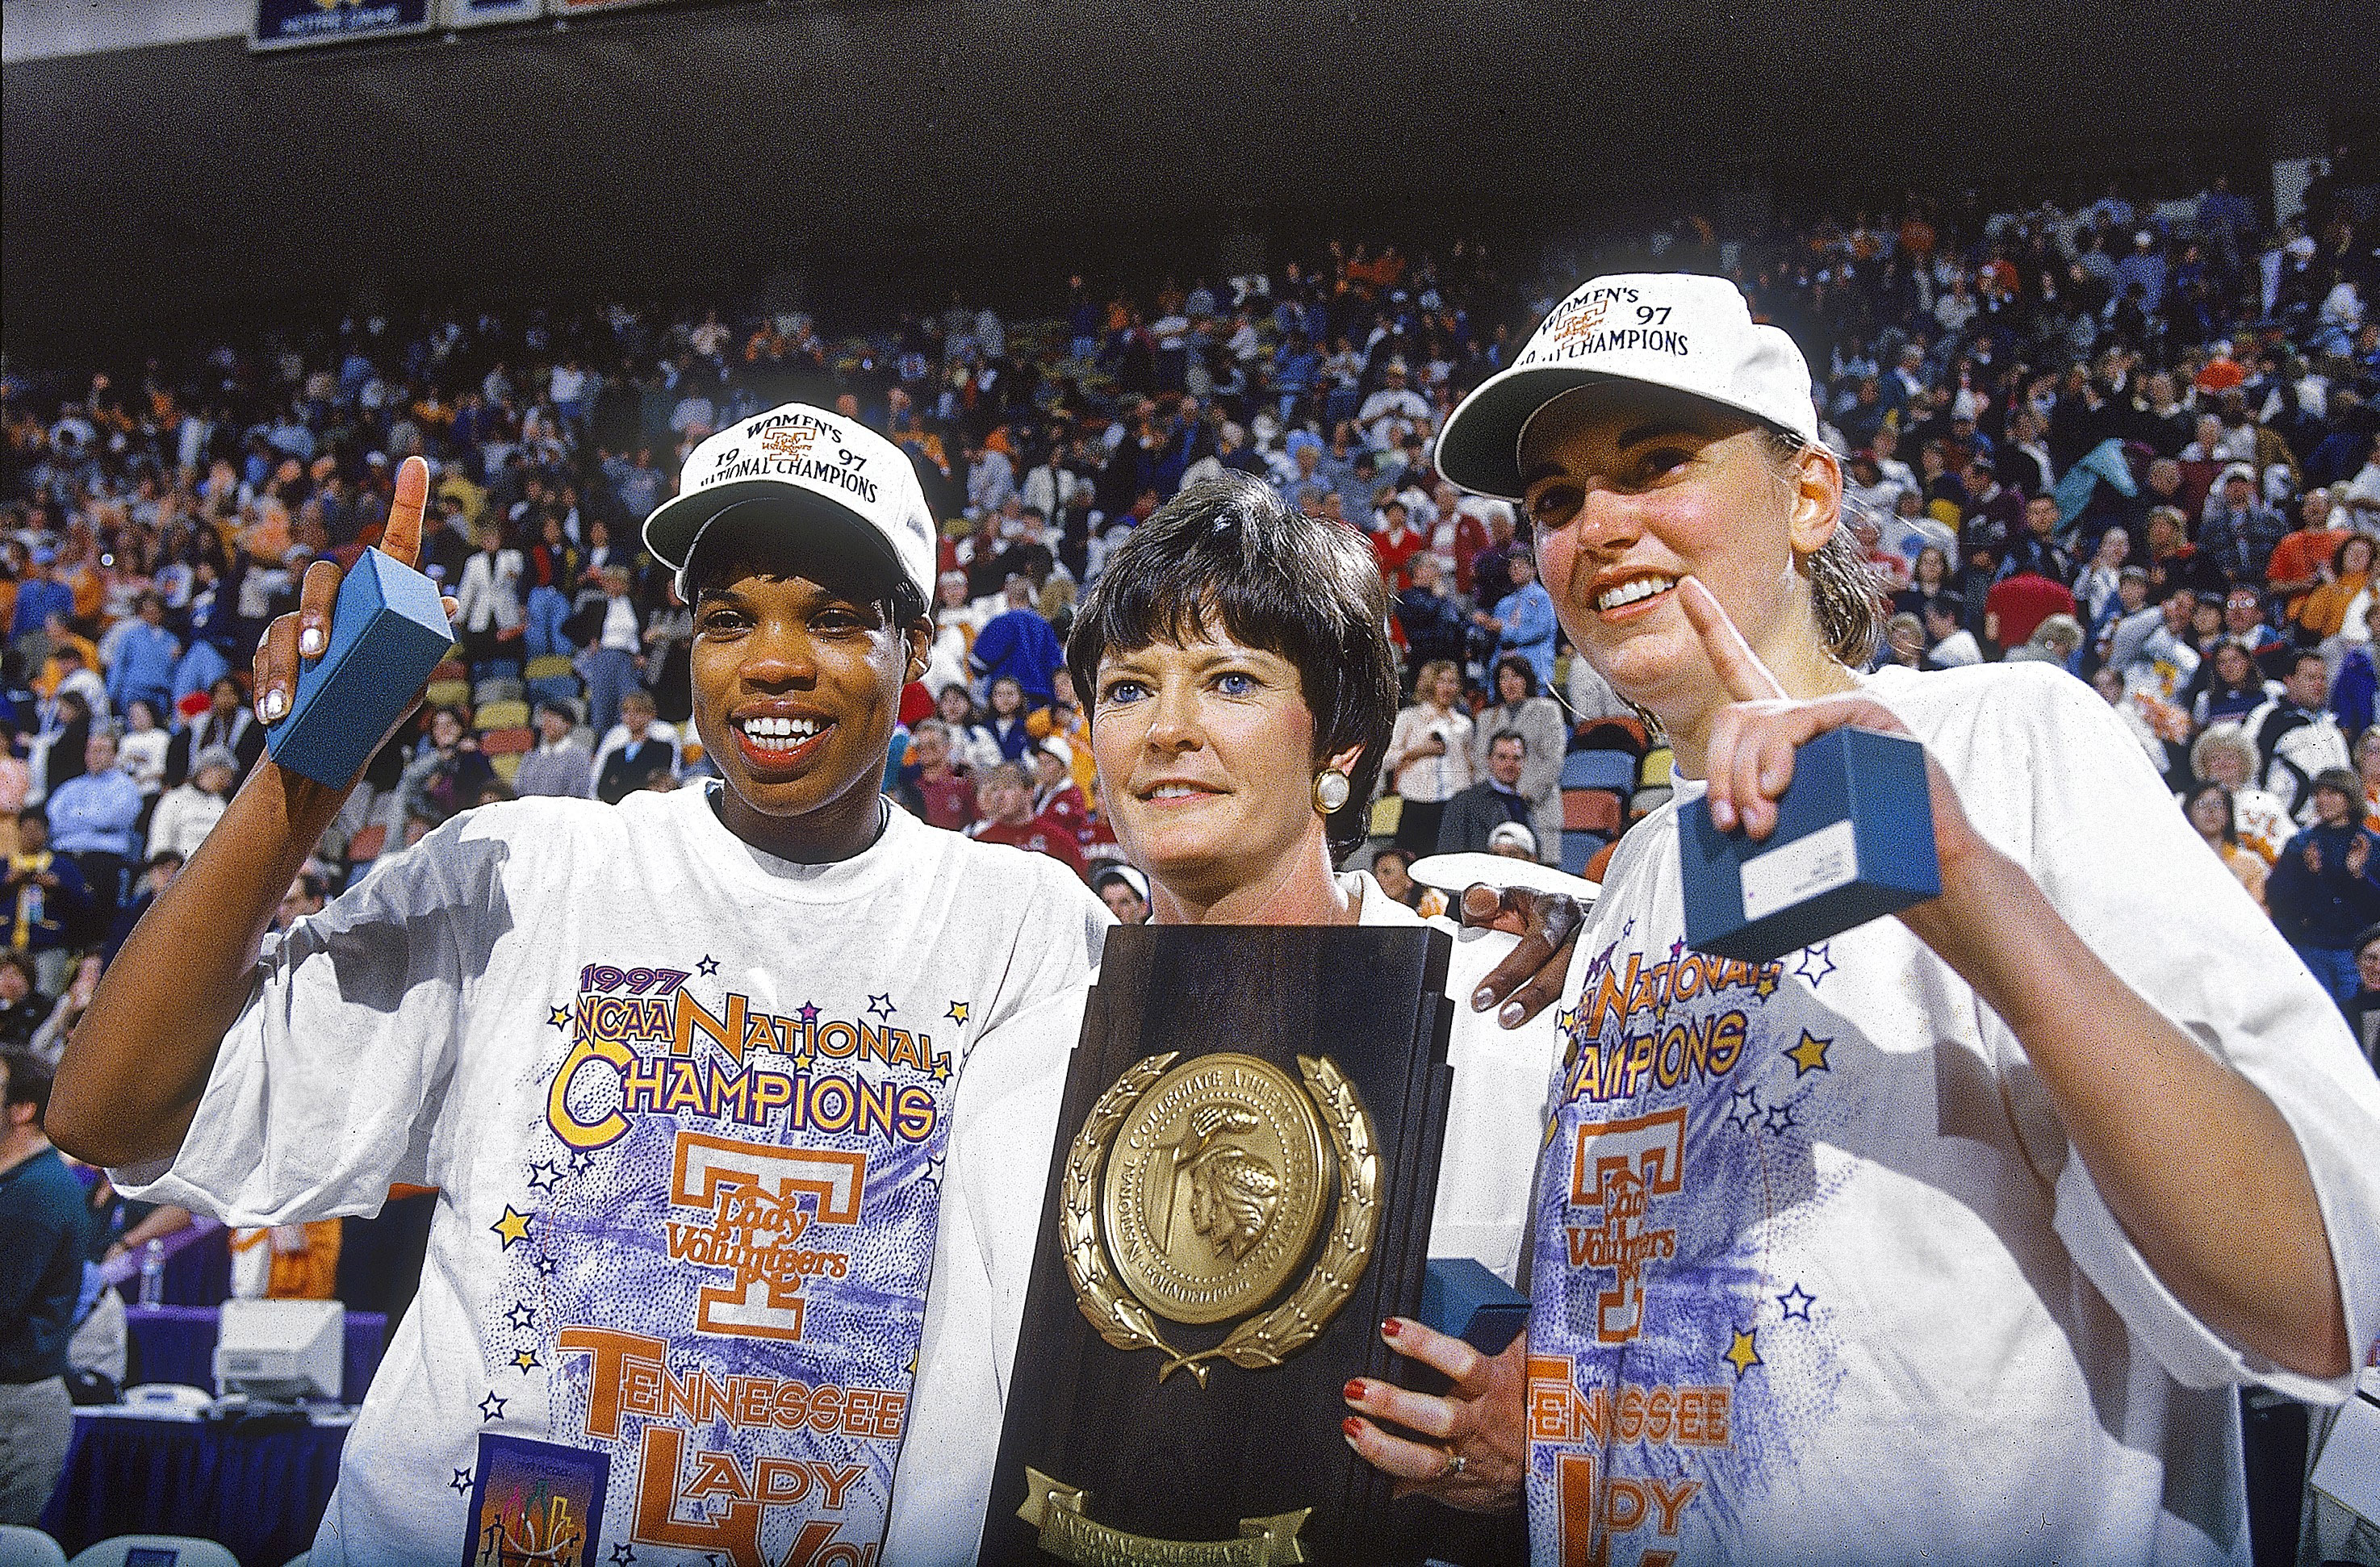 1997 NCAA championship, Pat Summitt, Tennessee Vols basketball
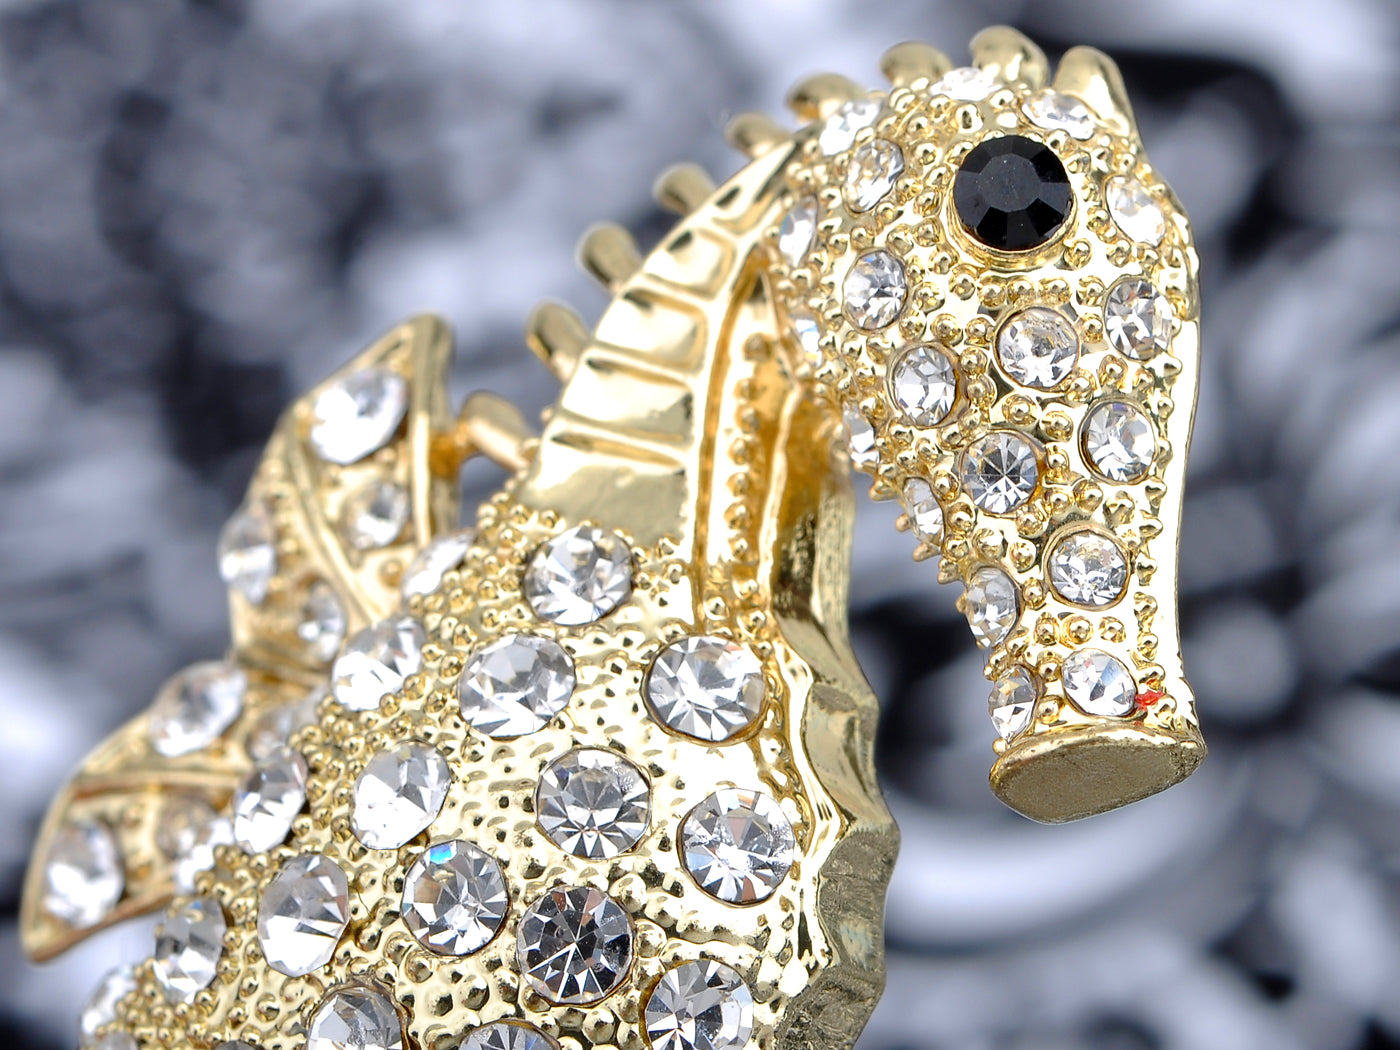 Seahorse Sea Creature Brooch Pin Jewelry
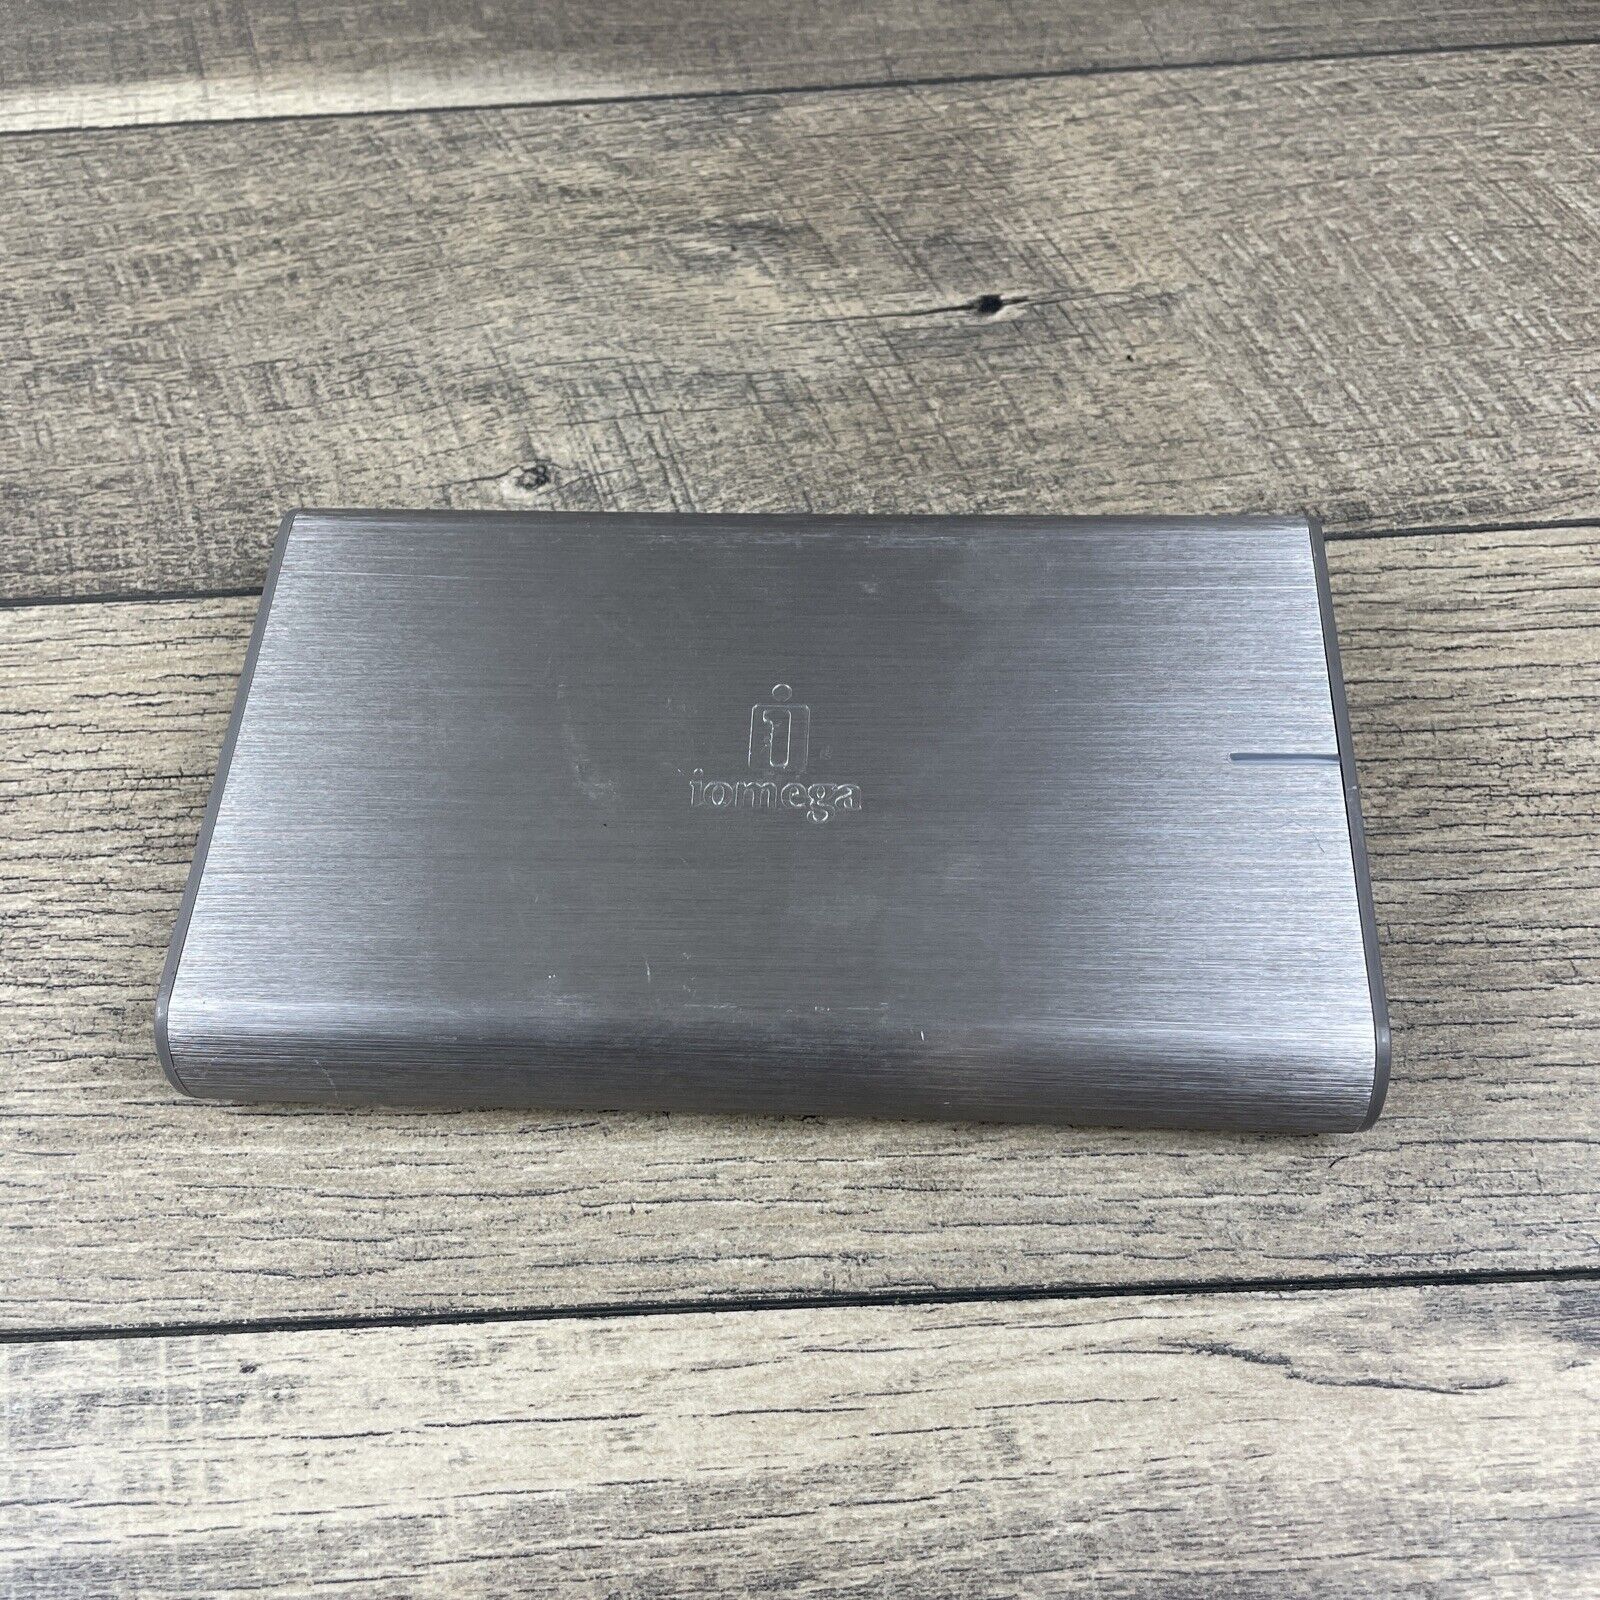 1.5 TB iomega Desktop External Hard Drive LDHD-UP - Stainless Steel Case
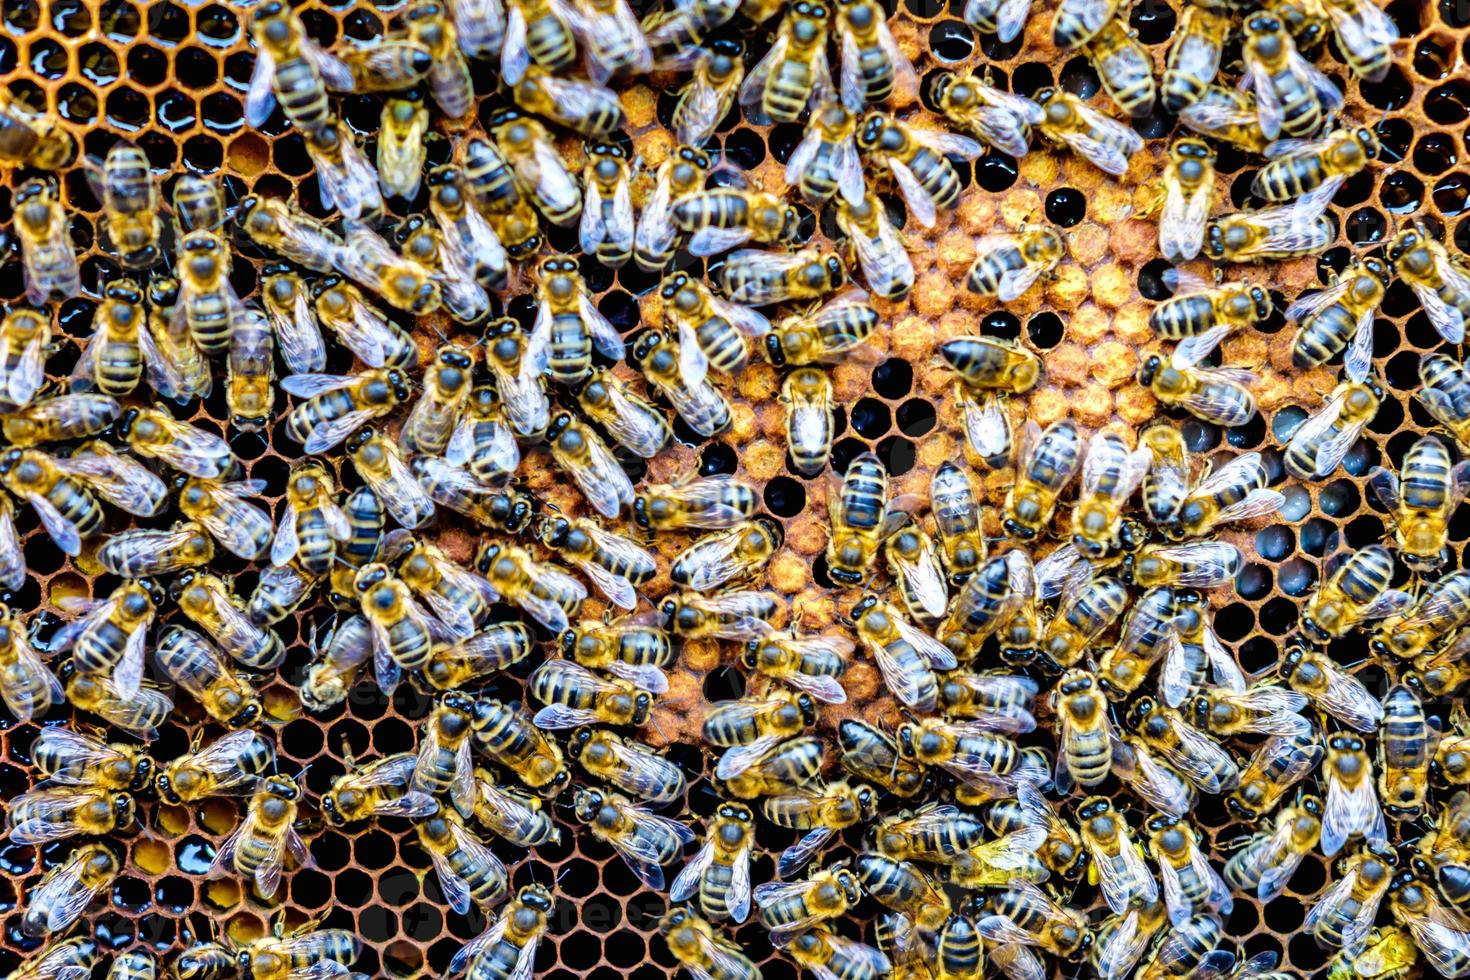 sciame di api su telai a nido d'ape in apiario foto

EXERCISE OBJECTIVE: Please, leaving out all pictures, transcribe exactly the lines above from the one containing "1.5 TB iomega" through the final line, both included.

ANSWER SECTION:
 1.5 TB iomega Desktop External Hard Drive LDHD-UP - Stainless Steel Case
 sciame di api su telai a nido d'ape in apiario foto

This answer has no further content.